Supplied information:

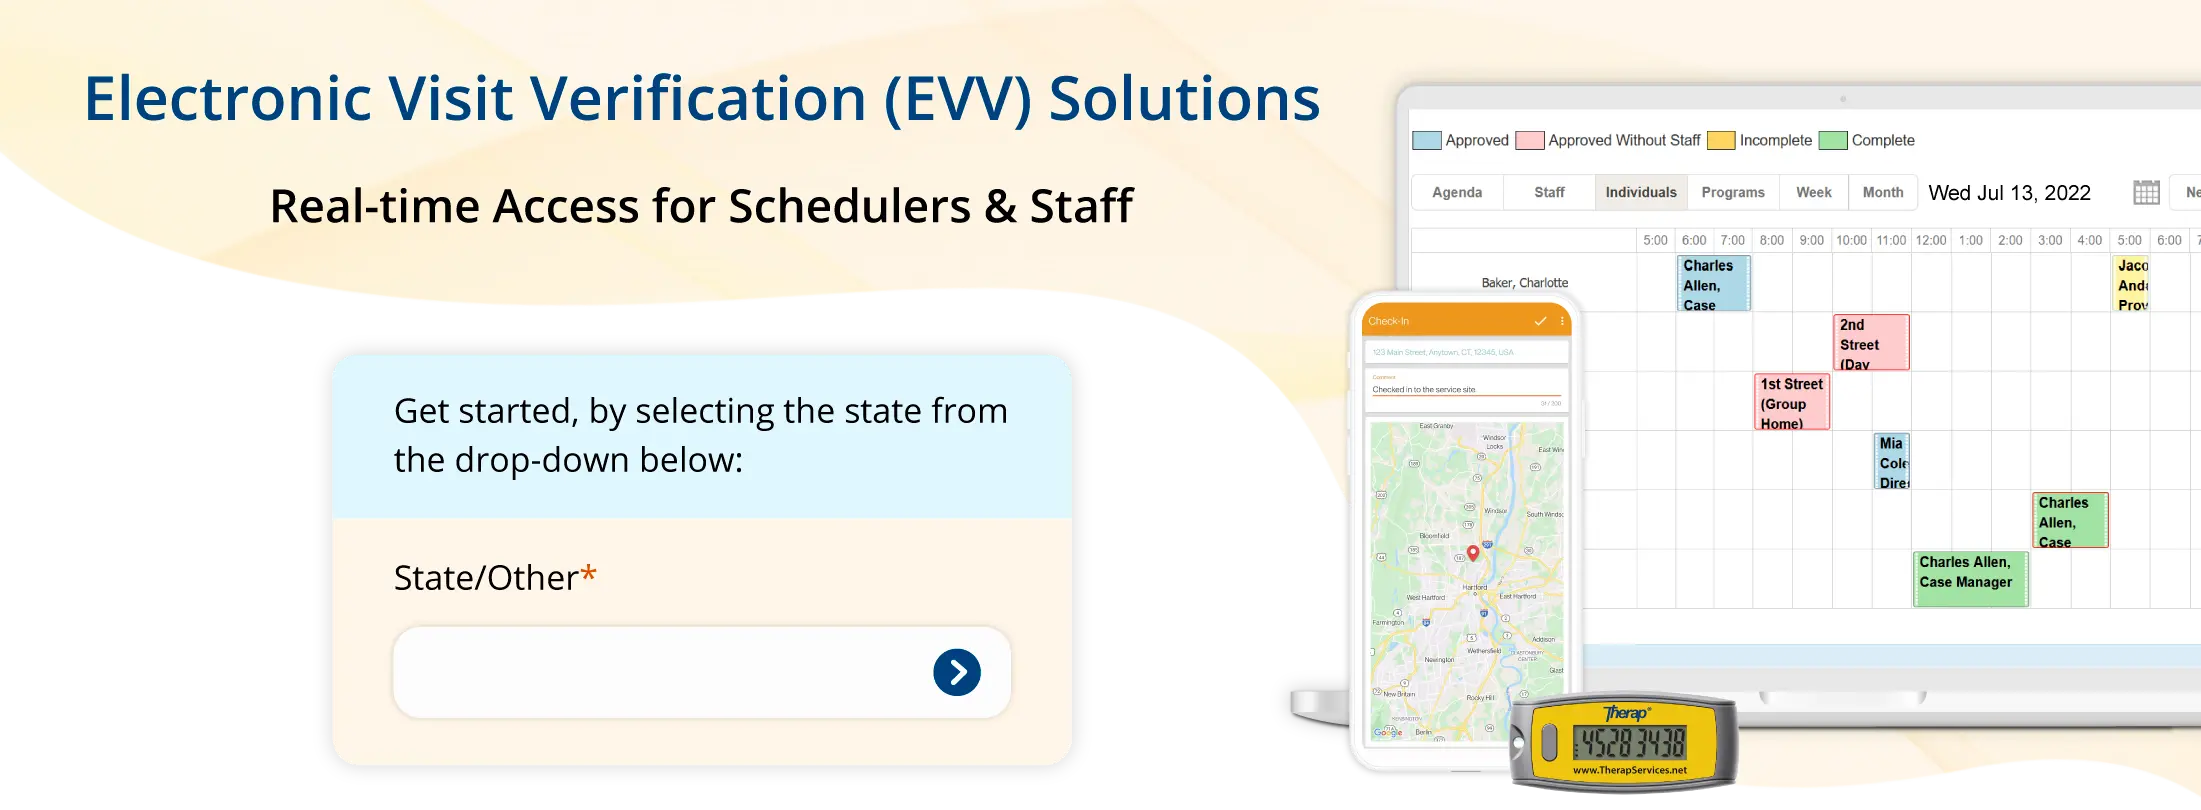 Electronic Visit Verification (EVV) Solutions
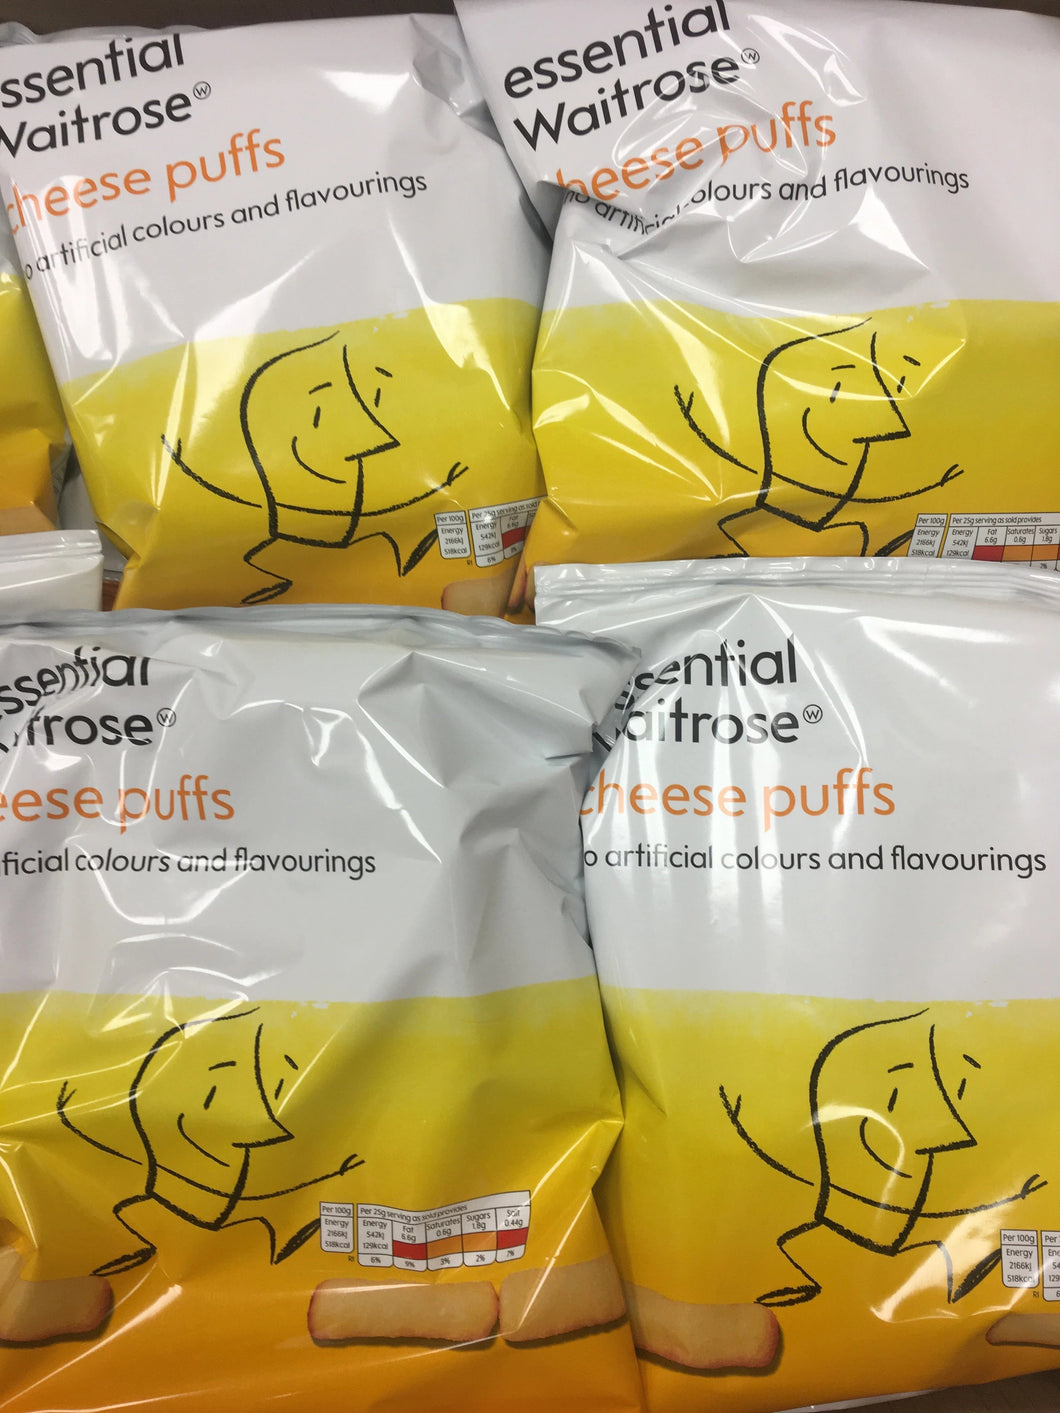 12x Packets of Waitrose Cheese Puffs (12x100g)
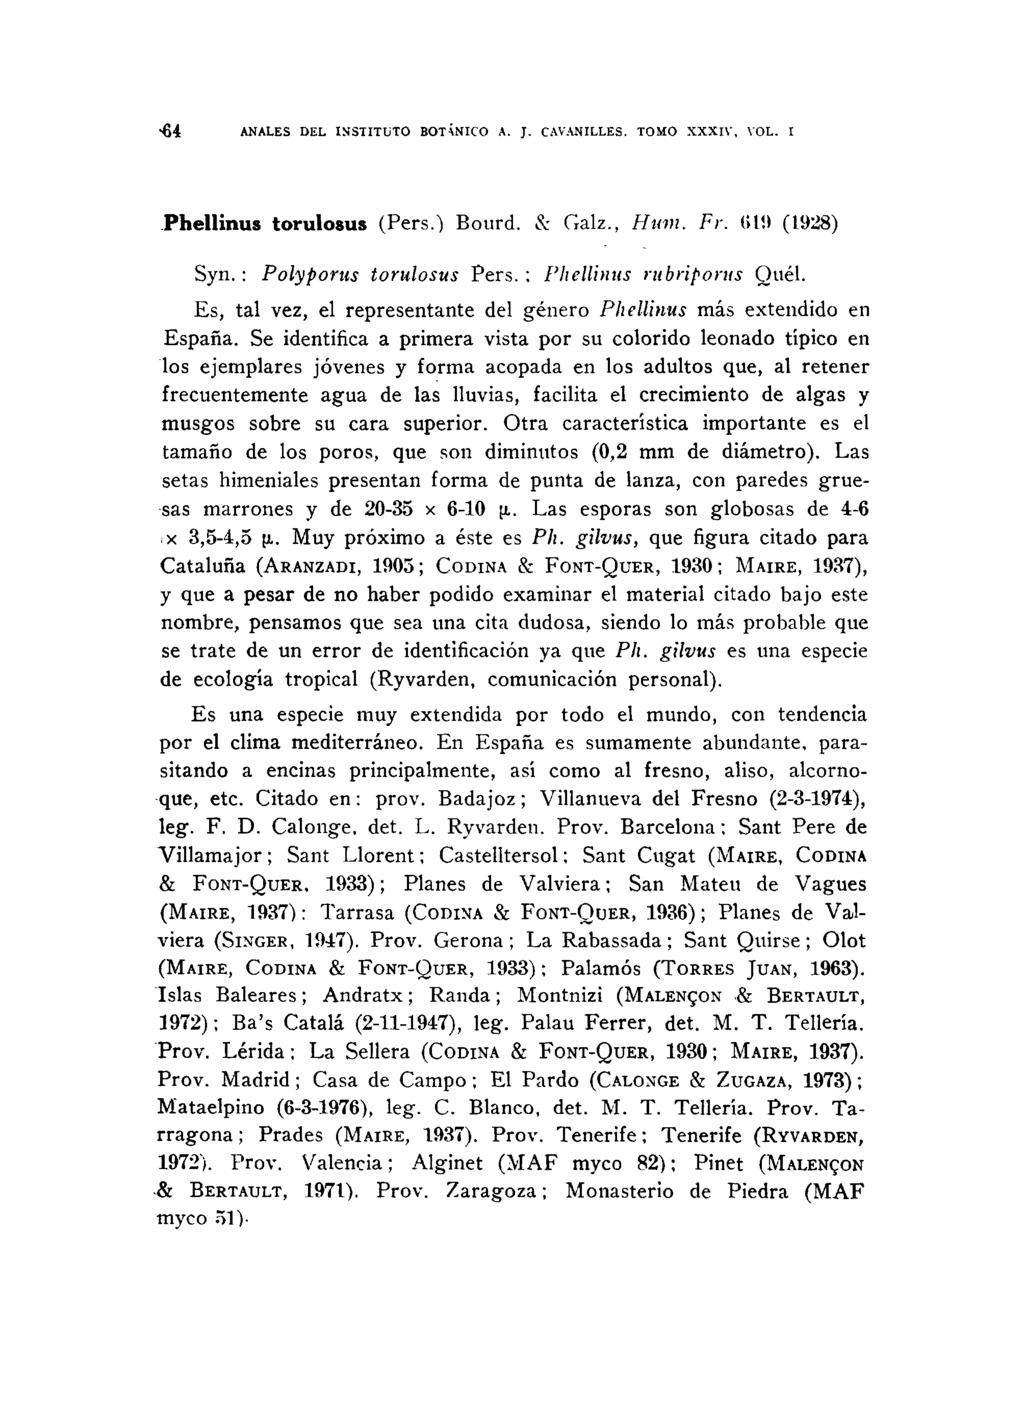 64 ANALES DEL INSTITUTO BOTÁNICO A. J. CAVANILLES. TOMO XXXIV, VOL. I Phellinus torulosus (Pers.) Bourd. & Galz., Hum. Fr. (ilí) (1928) Syn.: Polyporus torulosus Pers. ; Phellinus rubriporus Quél.

Your objective:
Omit the pictures and write out the lines above from the one with "12x Packets of" through the last, unchanged.

Exercise output:
 12x Packets of Waitrose Cheese Puffs (12x100g)
 64 ANALES DEL INSTITUTO BOTÁNICO A. J. CAVANILLES. TOMO XXXIV, VOL. I Phellinus torulosus (Pers.) Bourd. & Galz., Hum. Fr. (ilí) (1928) Syn.: Polyporus torulosus Pers. ; Phellinus rubriporus Quél.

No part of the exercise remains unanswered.